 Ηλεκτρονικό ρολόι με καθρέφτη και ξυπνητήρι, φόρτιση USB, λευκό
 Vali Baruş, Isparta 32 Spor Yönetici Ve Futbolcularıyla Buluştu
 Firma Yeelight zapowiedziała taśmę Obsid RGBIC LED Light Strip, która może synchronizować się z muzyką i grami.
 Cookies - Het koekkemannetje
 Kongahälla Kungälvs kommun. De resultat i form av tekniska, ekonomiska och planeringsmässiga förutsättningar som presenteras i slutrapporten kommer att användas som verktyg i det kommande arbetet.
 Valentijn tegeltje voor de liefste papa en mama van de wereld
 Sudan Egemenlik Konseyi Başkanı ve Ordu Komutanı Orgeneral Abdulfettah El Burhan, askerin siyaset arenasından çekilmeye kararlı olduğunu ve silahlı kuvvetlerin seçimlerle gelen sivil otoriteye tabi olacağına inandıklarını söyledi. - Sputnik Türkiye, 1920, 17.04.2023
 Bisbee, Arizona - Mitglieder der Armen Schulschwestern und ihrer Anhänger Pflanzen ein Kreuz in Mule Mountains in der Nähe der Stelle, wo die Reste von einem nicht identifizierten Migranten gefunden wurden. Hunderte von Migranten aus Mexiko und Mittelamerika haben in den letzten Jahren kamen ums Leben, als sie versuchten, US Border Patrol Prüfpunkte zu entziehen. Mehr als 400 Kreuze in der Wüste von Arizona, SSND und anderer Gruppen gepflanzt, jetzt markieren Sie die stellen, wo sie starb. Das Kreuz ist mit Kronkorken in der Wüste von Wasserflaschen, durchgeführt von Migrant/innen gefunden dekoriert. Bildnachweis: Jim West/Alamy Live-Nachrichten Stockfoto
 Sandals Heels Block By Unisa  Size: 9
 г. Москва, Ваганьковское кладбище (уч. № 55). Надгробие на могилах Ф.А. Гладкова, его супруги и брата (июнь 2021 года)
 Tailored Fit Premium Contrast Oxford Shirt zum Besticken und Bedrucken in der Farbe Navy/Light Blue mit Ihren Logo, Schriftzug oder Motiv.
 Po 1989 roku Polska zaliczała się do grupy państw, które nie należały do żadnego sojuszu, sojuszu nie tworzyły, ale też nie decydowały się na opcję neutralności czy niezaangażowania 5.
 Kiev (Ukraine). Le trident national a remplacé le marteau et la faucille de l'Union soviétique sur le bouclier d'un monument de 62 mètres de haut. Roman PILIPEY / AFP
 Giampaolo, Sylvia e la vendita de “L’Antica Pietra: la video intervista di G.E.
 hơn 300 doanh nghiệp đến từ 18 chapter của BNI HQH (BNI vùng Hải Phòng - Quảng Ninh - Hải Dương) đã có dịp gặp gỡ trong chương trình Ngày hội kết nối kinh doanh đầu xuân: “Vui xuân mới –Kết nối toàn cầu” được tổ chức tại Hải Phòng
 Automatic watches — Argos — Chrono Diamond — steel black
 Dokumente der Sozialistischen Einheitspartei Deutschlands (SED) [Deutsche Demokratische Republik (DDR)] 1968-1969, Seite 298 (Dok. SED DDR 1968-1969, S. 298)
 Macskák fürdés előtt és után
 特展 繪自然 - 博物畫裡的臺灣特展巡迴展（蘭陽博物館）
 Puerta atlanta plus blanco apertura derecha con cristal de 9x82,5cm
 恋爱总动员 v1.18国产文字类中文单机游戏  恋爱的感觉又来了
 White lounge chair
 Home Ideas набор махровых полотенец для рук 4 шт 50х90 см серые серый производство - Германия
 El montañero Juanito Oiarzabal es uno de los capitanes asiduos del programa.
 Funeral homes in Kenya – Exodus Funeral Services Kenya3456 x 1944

::::

EXERCISE OBJECTIVE: Everything in the material above needs to be transcribed exactly.

SOLUTION FOR THIS EXERCISE:
 Ηλεκτρονικό ρολόι με καθρέφτη και ξυπνητήρι, φόρτιση USB, λευκό
 Vali Baruş, Isparta 32 Spor Yönetici Ve Futbolcularıyla Buluştu
 Firma Yeelight zapowiedziała taśmę Obsid RGBIC LED Light Strip, która może synchronizować się z muzyką i grami.
 Cookies - Het koekkemannetje
 Kongahälla Kungälvs kommun. De resultat i form av tekniska, ekonomiska och planeringsmässiga förutsättningar som presenteras i slutrapporten kommer att användas som verktyg i det kommande arbetet.
 Valentijn tegeltje voor de liefste papa en mama van de wereld
 Sudan Egemenlik Konseyi Başkanı ve Ordu Komutanı Orgeneral Abdulfettah El Burhan, askerin siyaset arenasından çekilmeye kararlı olduğunu ve silahlı kuvvetlerin seçimlerle gelen sivil otoriteye tabi olacağına inandıklarını söyledi. - Sputnik Türkiye, 1920, 17.04.2023
 Bisbee, Arizona - Mitglieder der Armen Schulschwestern und ihrer Anhänger Pflanzen ein Kreuz in Mule Mountains in der Nähe der Stelle, wo die Reste von einem nicht identifizierten Migranten gefunden wurden. Hunderte von Migranten aus Mexiko und Mittelamerika haben in den letzten Jahren kamen ums Leben, als sie versuchten, US Border Patrol Prüfpunkte zu entziehen. Mehr als 400 Kreuze in der Wüste von Arizona, SSND und anderer Gruppen gepflanzt, jetzt markieren Sie die stellen, wo sie starb. Das Kreuz ist mit Kronkorken in der Wüste von Wasserflaschen, durchgeführt von Migrant/innen gefunden dekoriert. Bildnachweis: Jim West/Alamy Live-Nachrichten Stockfoto
 Sandals Heels Block By Unisa  Size: 9
 г. Москва, Ваганьковское кладбище (уч. № 55). Надгробие на могилах Ф.А. Гладкова, его супруги и брата (июнь 2021 года)
 Tailored Fit Premium Contrast Oxford Shirt zum Besticken und Bedrucken in der Farbe Navy/Light Blue mit Ihren Logo, Schriftzug oder Motiv.
 Po 1989 roku Polska zaliczała się do grupy państw, które nie należały do żadnego sojuszu, sojuszu nie tworzyły, ale też nie decydowały się na opcję neutralności czy niezaangażowania 5.
 Kiev (Ukraine). Le trident national a remplacé le marteau et la faucille de l'Union soviétique sur le bouclier d'un monument de 62 mètres de haut. Roman PILIPEY / AFP
 Giampaolo, Sylvia e la vendita de “L’Antica Pietra: la video intervista di G.E.
 hơn 300 doanh nghiệp đến từ 18 chapter của BNI HQH (BNI vùng Hải Phòng - Quảng Ninh - Hải Dương) đã có dịp gặp gỡ trong chương trình Ngày hội kết nối kinh doanh đầu xuân: “Vui xuân mới –Kết nối toàn cầu” được tổ chức tại Hải Phòng
 Automatic watches — Argos — Chrono Diamond — steel black
 Dokumente der Sozialistischen Einheitspartei Deutschlands (SED) [Deutsche Demokratische Republik (DDR)] 1968-1969, Seite 298 (Dok. SED DDR 1968-1969, S. 298)
 Macskák fürdés előtt és után
 特展 繪自然 - 博物畫裡的臺灣特展巡迴展（蘭陽博物館）
 Puerta atlanta plus blanco apertura derecha con cristal de 9x82,5cm
 恋爱总动员 v1.18国产文字类中文单机游戏  恋爱的感觉又来了
 White lounge chair
 Home Ideas набор махровых полотенец для рук 4 шт 50х90 см серые серый производство - Германия
 El montañero Juanito Oiarzabal es uno de los capitanes asiduos del programa.
 Funeral homes in Kenya – Exodus Funeral Services Kenya3456 x 1944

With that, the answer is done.